Глава 1.
Не верь слезам.
Я много думала, как же вложить в свою книгу мир. Как сделать этот космос не только настоящим, но и чтобы вы почувствовали, дозволили себе довериться, не сомневались. Я думала, как не разочаровать вас, и не опуститься, а самой себе так и не помогла. Не позволила поверить в то, что хоть чуть-чуть могу. Пусть даже самую малость.
Но я поверю. И вы сможете.
В Балерин. В спектакли. В горе, которое, очень надеюсь, никогда вас не коснётся.
И, конечно же, в ласточек.
Посвящаю. Вашей вере в самих себя.
Sena Sener — Sevmemeliyiz
Wanderers — Yutaka Yamada
Tim McGraw — Gravity
Балерины, они все красивые.
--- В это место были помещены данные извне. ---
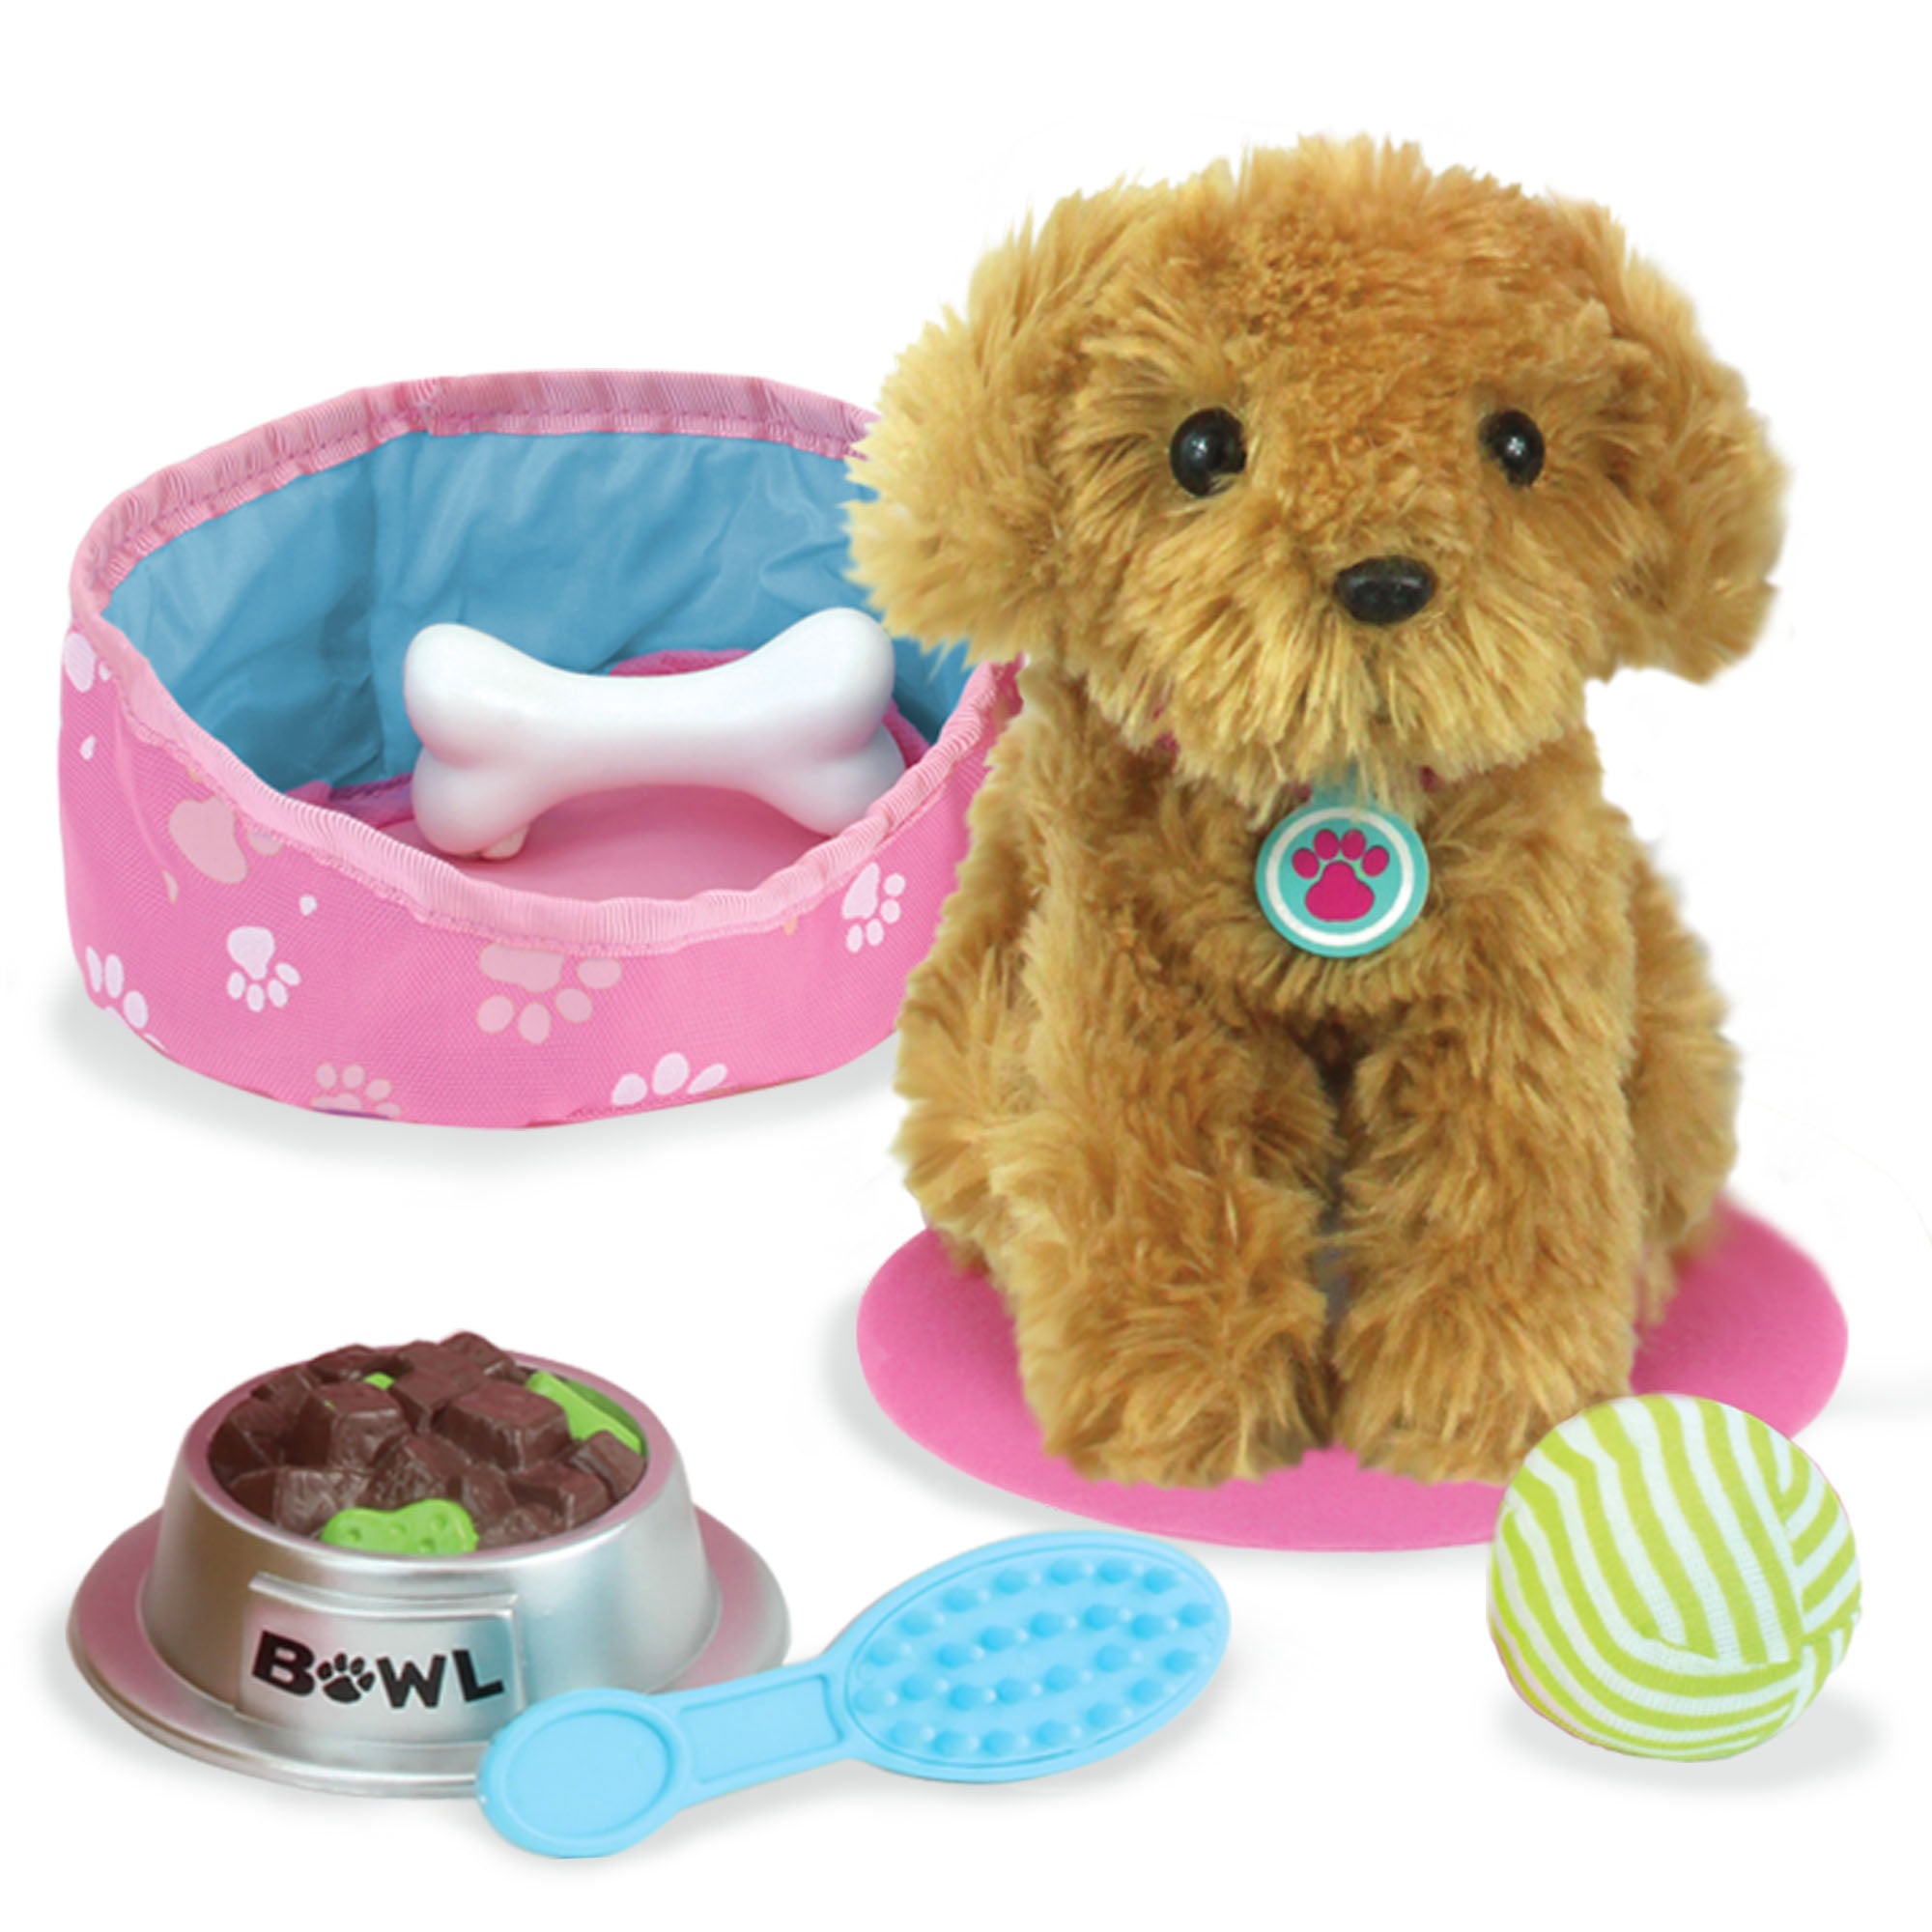 Sophia’s Plush Puppy and Accessories Set for 18" Dolls

Их нежность в шёлковых тонких ленточках на пуантах, в длинных чёрных ресницах, таких же прелестных, как бархат, в заклеенных пластырями пальцах, которых никто кроме них самих не видит, в изящных позициях и лёгких пируэтах.
Балерины — как птицы, такие живые и свободные, словно кукольные, летают, а их глаза светятся настоящими огоньками, морями, чернильными радужками и людскими неправдами.
Балерины незыблемые, несокрушимые, именно такие, которые умеют слушать и лечить, прикладывать ладошки к твоему сердцу, когда очень больно.
Сестра проводит ножкой по деревянному полу, притягивает к себе, она очень старается удержаться на пуантах, а в глазах у неё мокрые искры, потому что больно. Сестра не плачет, ведь примы должны уже с детства учиться держаться, туго перебинтовывать пальцы, по мертвецки терпеть, летать, даже не сжимая кулачки с синеватыми венками на запястьях, как это делает Незабудка. Пытаться держать спину как можно ровнее, смотреть на себя в зеркало, чтобы не ошибиться, и улыбаться, помнишь? Балерины всегда должны улыбаться, как бы горько не было им самим.
— Ты не могла, Ласточка. Ты не должна была волочиться за всеми остальными следом, оставлять свой дом, не ехать с мамой на работу, рыдать и жалеть Балерину. Ты не должна была падать, но рухнула.
Я встряхиваю кудряшками. Хватаюсь за балетный станок, Незабудка ко мне навстречу, шатается, словно маячок, а я её подхватываю, облизываю тусклые губы, цепляюсь, как за ниточку от воздушного змея, лишь бы не улетела, не раскололась, как прежде. Лишь бы.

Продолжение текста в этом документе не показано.